▶ _Goal of the exercise_
Below are records; reproduce exactly the lines from the one containing "Alcolan XL V47.12" through the end, both included, and only those.
╭─ Recorded data
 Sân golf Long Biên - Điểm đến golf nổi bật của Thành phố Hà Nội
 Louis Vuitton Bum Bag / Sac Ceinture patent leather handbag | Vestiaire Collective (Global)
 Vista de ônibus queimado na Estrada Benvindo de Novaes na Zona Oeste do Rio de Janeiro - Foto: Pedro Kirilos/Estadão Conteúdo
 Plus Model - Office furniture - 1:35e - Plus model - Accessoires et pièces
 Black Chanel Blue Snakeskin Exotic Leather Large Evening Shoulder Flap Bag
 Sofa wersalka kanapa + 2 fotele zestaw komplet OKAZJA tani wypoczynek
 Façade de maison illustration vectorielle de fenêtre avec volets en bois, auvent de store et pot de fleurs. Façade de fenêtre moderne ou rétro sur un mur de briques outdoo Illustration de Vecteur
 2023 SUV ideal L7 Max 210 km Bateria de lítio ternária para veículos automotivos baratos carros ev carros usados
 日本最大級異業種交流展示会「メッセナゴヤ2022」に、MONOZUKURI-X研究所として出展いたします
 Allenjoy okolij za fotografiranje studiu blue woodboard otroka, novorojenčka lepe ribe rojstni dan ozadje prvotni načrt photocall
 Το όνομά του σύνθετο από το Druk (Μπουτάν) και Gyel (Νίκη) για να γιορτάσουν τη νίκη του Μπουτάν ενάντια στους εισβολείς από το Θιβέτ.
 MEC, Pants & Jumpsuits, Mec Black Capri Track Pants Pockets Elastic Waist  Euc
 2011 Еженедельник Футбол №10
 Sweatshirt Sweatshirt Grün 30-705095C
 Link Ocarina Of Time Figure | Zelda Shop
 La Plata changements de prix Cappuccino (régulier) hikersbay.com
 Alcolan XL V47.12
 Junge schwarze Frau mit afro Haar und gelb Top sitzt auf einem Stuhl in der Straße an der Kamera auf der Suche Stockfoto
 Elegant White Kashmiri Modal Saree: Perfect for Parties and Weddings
╰─
▶ _Response to the task_
 Alcolan XL V47.12
 Junge schwarze Frau mit afro Haar und gelb Top sitzt auf einem Stuhl in der Straße an der Kamera auf der Suche Stockfoto
 Elegant White Kashmiri Modal Saree: Perfect for Parties and Weddings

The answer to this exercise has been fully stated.